By a News Reporter-Staff News Editor at Life Science Weekly -- According to news reporting originating from Alexandria, Virginia, by NewsRx journalists, a patent by the inventors Zhou, Mingjie (Shenzhen, CN); Wang, Ping (Shenzhen, CN); Huang, Hui (Shenzhen, CN); Feng, Xiaoming (Shenzhen, CN), filed on September 30, 2010, was published online on August 26, 2014 (see also Ocean's King Lighting Science & Technology Co., Ltd.).

The assignee for this patent, patent number 8816340, is Ocean's King Lighting Science & Technology Co., Ltd. (Shenzhen, CN).

Reporters obtained the following quote from the background information supplied by the inventors: "Organic electroluminescent devices, also known as organic light emitting diodes (OLEDs), are a type of devices which can directly convert electric energy to light energy. In 1987, C. W. Tang and collaborators first prepared a small-molecular organic electroluminescent device having a double-layer structure by using a hole transport material N,N'-diphenyl-N,N'-bis(3-tolyl)-4,4'-benzidine as a hole transport layer, and 8-hydroxyquinoline aluminum having electron transport capacity as an electron transport layer and a light-emitting layer.

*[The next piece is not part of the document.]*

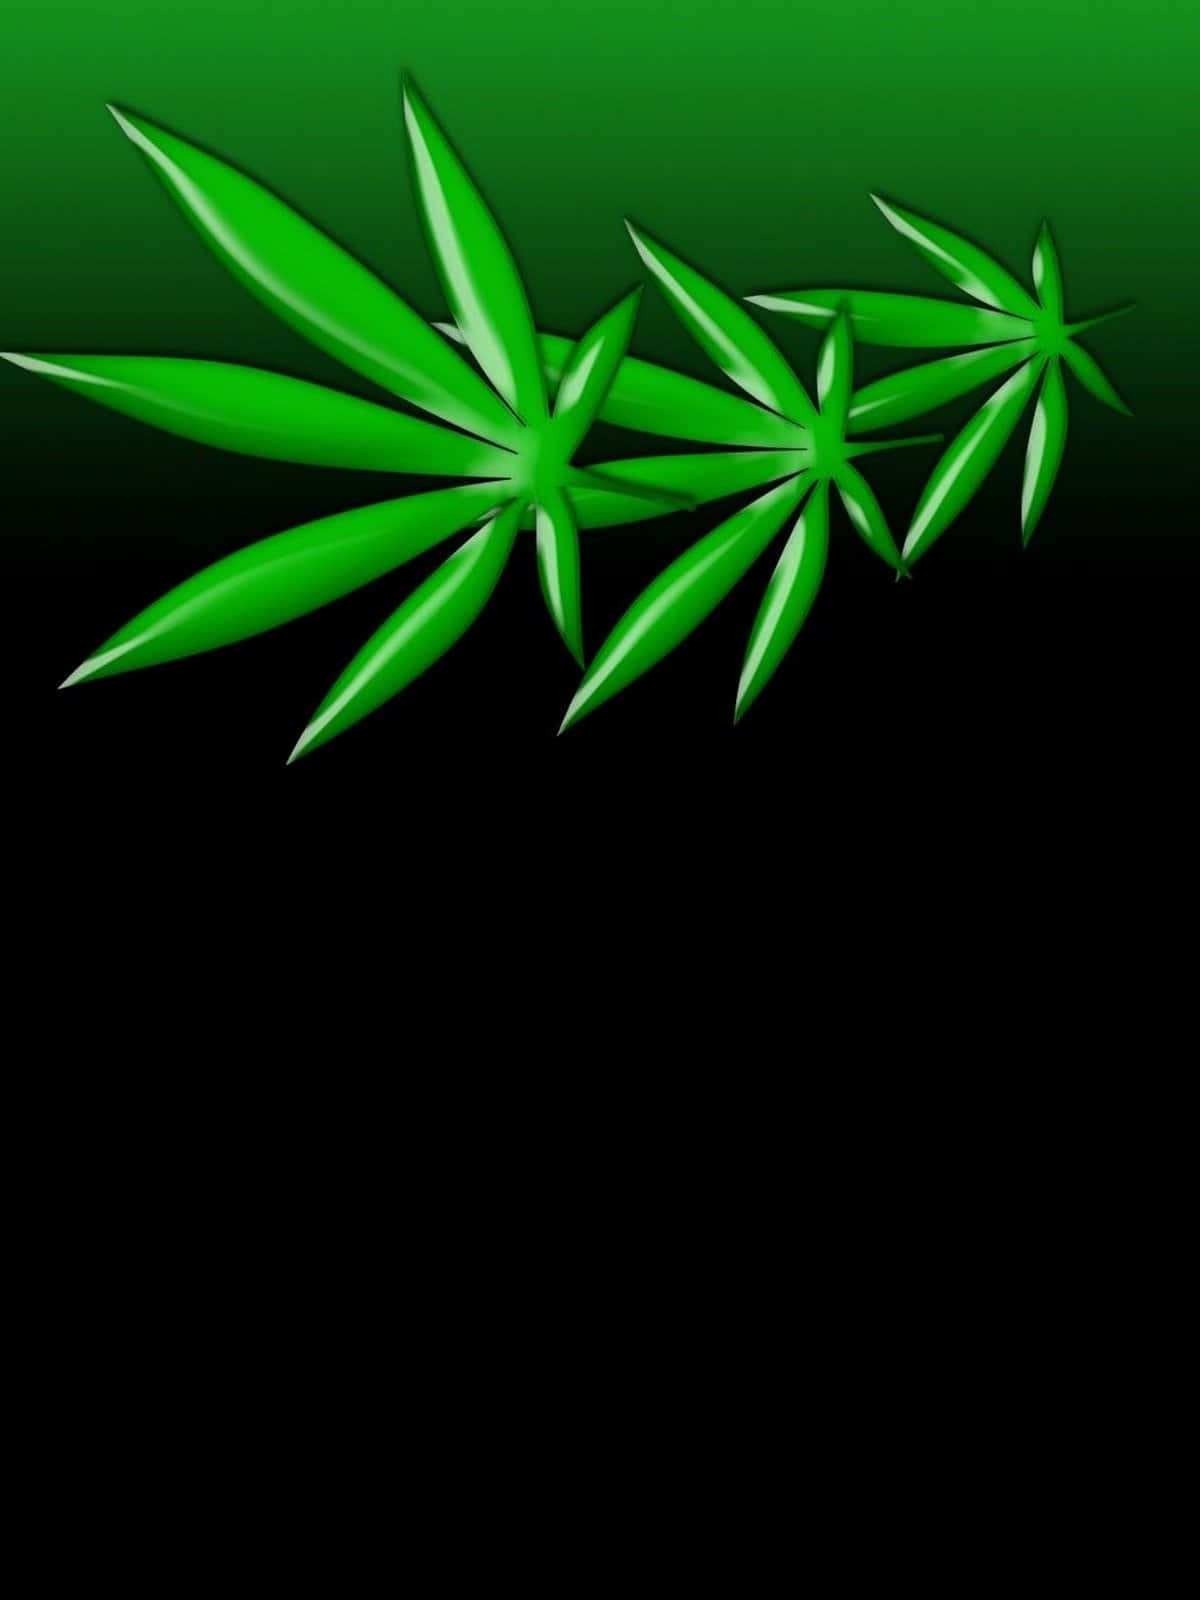 Stoner Cannabis Iphone Wallpaper

"Organic electroluminescence may involve the following five processes: 1) injection of carriers, during which electrons and holes are injected from the cathode and the anode, respectively, to the organic functional film layer arranged between the electrodes under the effect of an applied electric field; 2) migration of carriers, during which the injected electrons and holes migrate to the light emitting layer from the electron transport layer and the hole transport layer, respectively; 3) recombination of carriers, during which electrons and holes combine in the light-emitting layer to produce excitons; 4) migration of excitons, during which excitons migrate under the effect of the electric field, transfer their energy to the luminescent molecules, and excite electrons to transit from ground state to excited state; and 5) electroluminescence, during which the excited state is deactivated through energy irradiation to generate photons and release energy.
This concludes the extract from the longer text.